Dry-run mode (no events sent) → Add "dryRun": true to plugin config — events are processed and logged but never transmitted

FAQ

How long until I see my first event on the platform? Within 1–2 minutes of activation. Shield polls every ~30 seconds; the platform processes events within seconds of receipt.

How do I verify it's working end-to-end? Run openclaw shield status and check that Events sent is increasing and Last capture is recent. Then visit uss.upx.com and check your instance — you should see events flowing within 2 minutes.

What if I don't see any events after 5 minutes? Check openclaw shield status for elevated Failures or a stale Last sync. If failures are high, restart the gateway. If Last capture is old, your agent hasn't used any tools — run a command to generate activity.

Can I run Shield alongside other plugins? Yes. Shield runs as a passive observer — it hooks into the event stream and does not interfere with other plugins or agent behavior.

Is my Installation Key burned if activation fails? No. The key is consumed only on the first successful activation. If the attempt fails (network issue, config error), you can fix the issue and retry with the same key.

Where is the changelog? See CHANGELOG.md included with the plugin.

Subscription expiry

When a subscription lapses or the monthly event quota is exhausted, Shield detects this on the next ingest call and will:

• Log a clear warning
• Pause delivery and retain cursor position so events can be retried after service is restored
• Show elevated consecutive failures in openclaw shield status

Renew your subscription at uss.upx.com and restart the gateway to resume delivery.

Uninstalling

1. Remove the plugin

openclaw plugins uninstall shield

2. Remove local Shield data (optional — recommended for privacy hygiene)

rm -rf ~/.openclaw/shield/

This removes all local files Shield writes at runtime:

File	Contents
config.env	Signing key and instance fingerprint
data/cursor.json	Event cursor positions per log source
data/public-ip.cache	Cached public IP for telemetry
data/instance-cache.json	Cached instance metadata
data/exclusions.json	Allowlist entries (suppress specific patterns)
data/case-monitor-state.json	Case notification state (acknowledged case IDs)
data/event-log.jsonl	Local event ring buffer (24h)
data/redaction-vault.json	Redaction token → original value mapping

⚠️ Redaction vault: data/redaction-vault.json maps redaction tokens back to original values (secrets, hostnames, file paths).

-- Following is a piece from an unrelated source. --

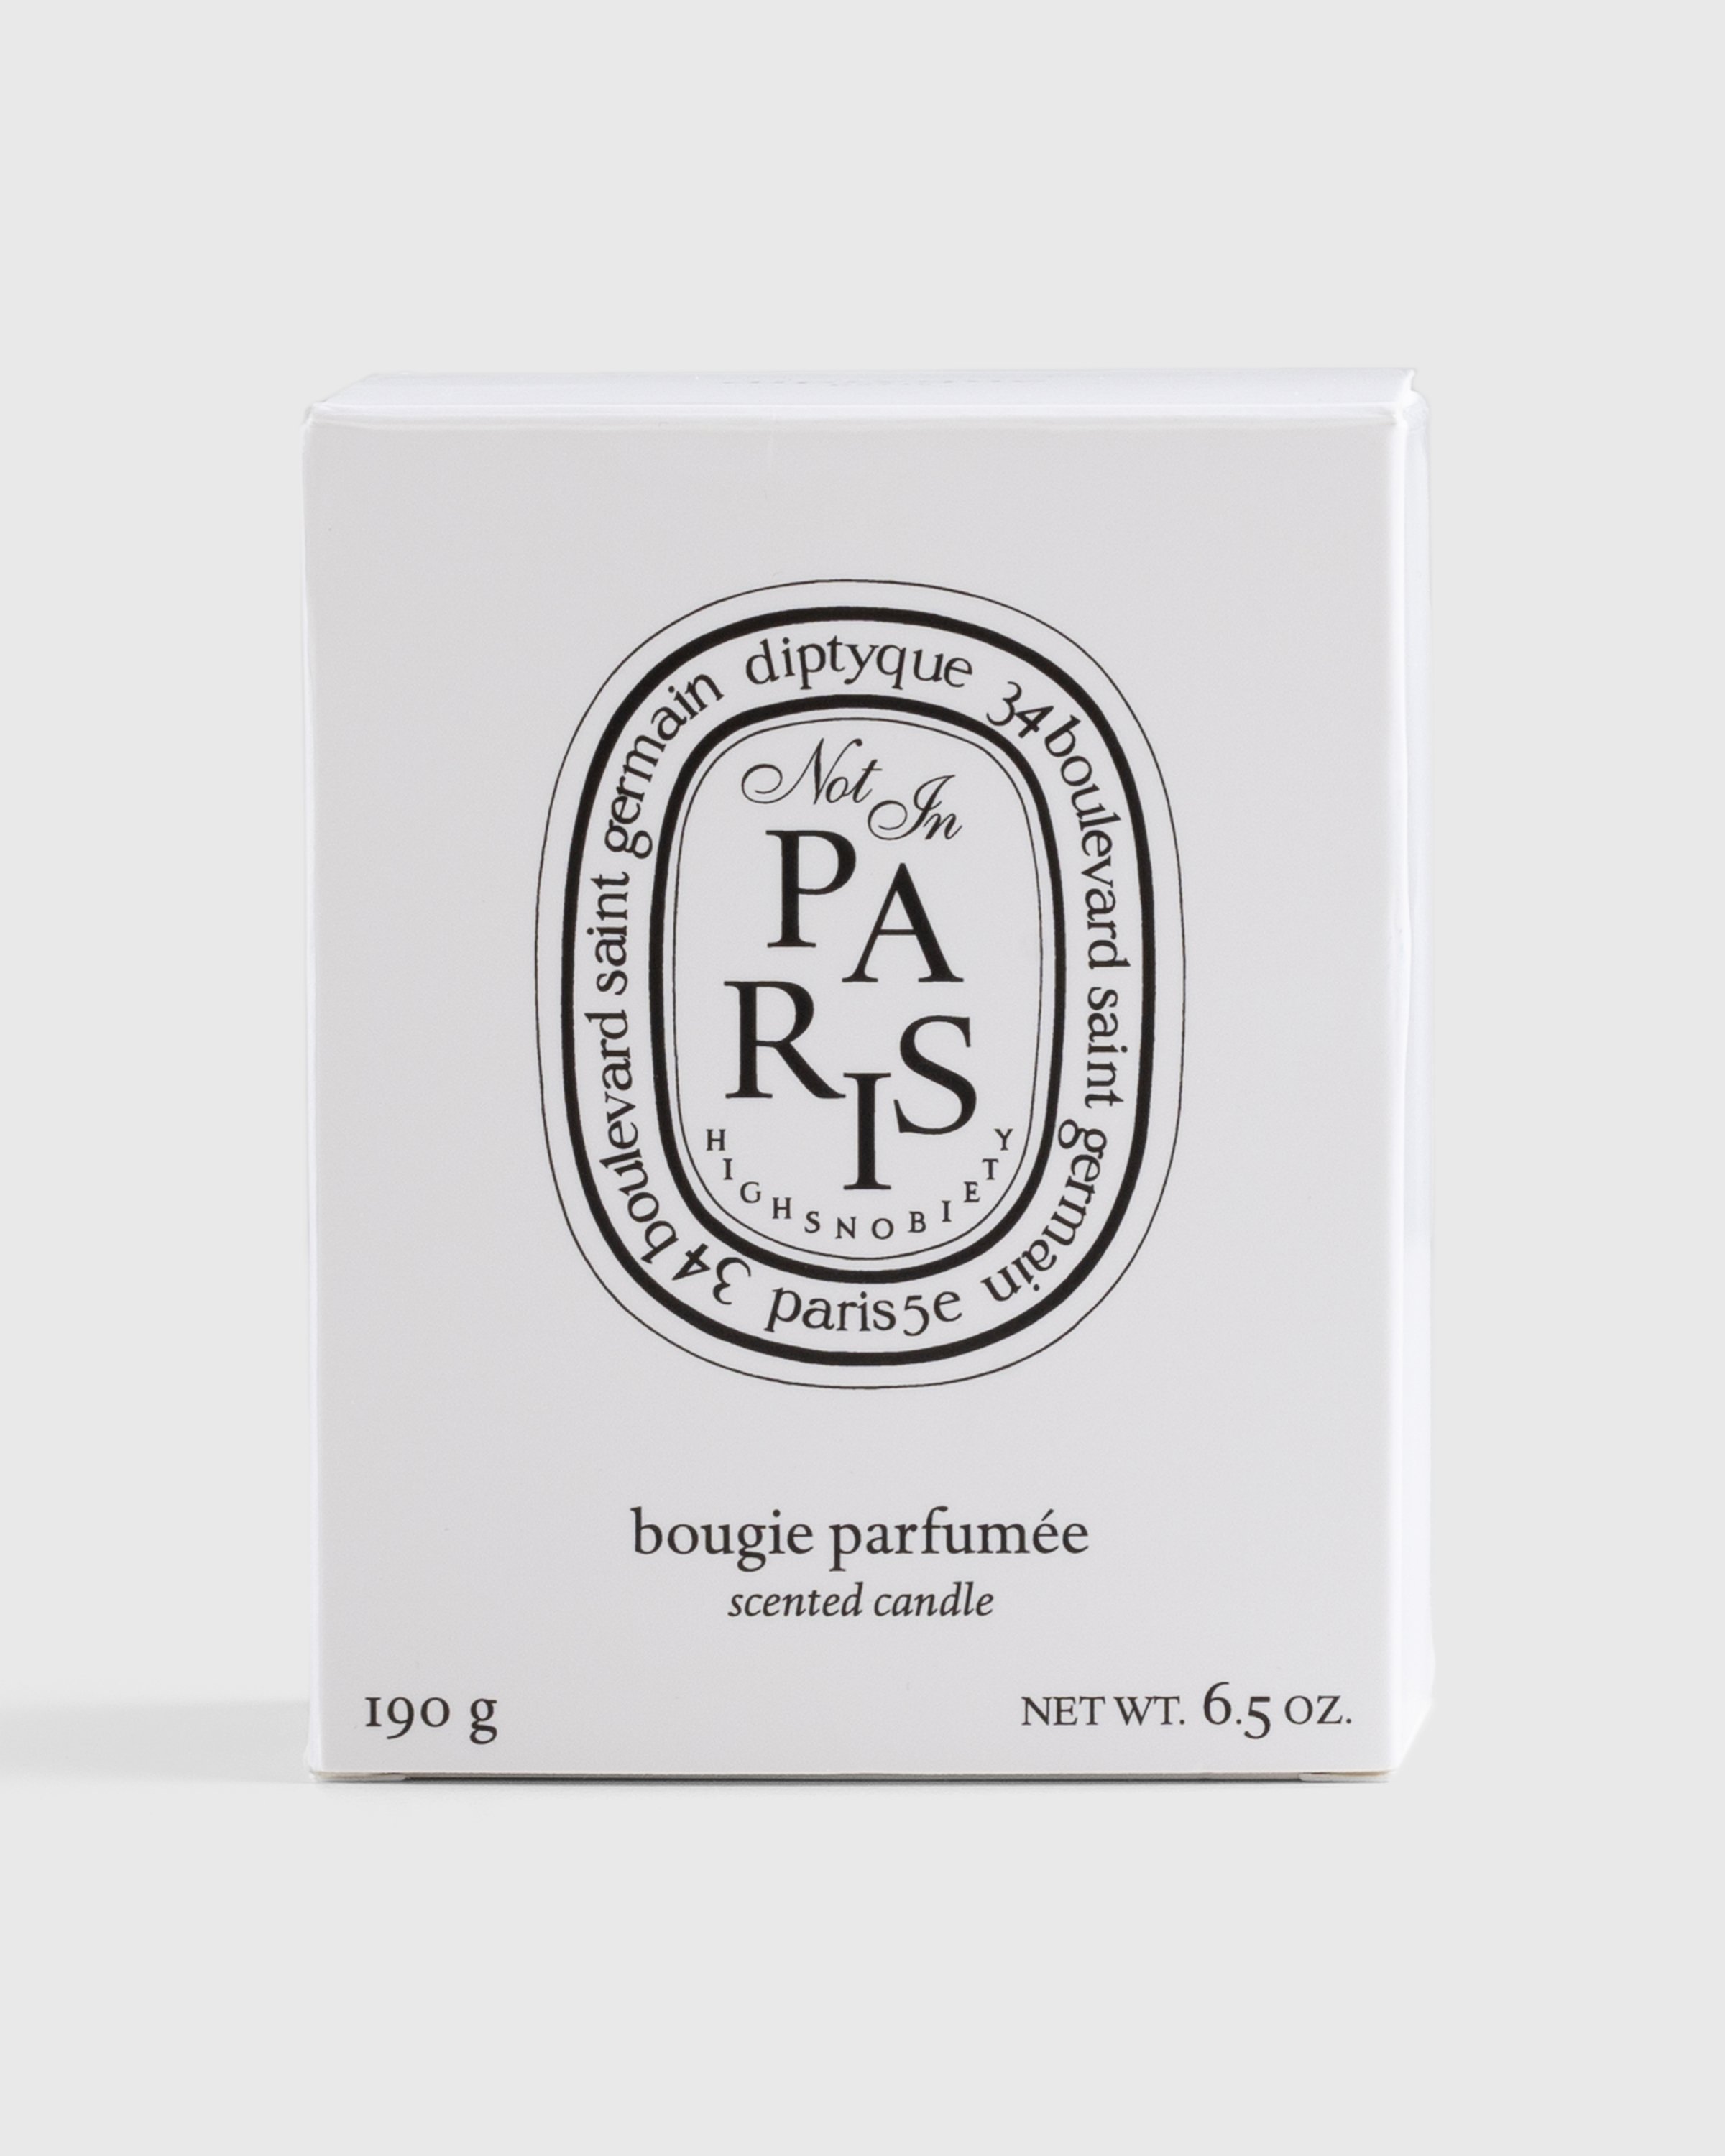 Diptyque x Highsnobiety - Not In Paris 4 Scented Candle White - Lifestyle - White - Image 3

Once deleted, you cannot reverse-lookup redacted values from past events. Retain this file for as long as your data retention policy requires before deleting.

3. Deactivate the platform instance

Removing local files does not automatically deactivate your registration on the UPX platform.

To fully remove your instance: log in to uss.upx.com → Instances → Delete.

Until deactivated, the instance remains registered and may count against your subscription quota.

Need help?

Visit uss.upx.com or contact your Shield administrator.

License & Distribution

The skill wrapper is distributed under MIT-0 on ClaWHub as required by the platform. The underlying plugin and platform remain proprietary UPX Technologies, Inc. IP.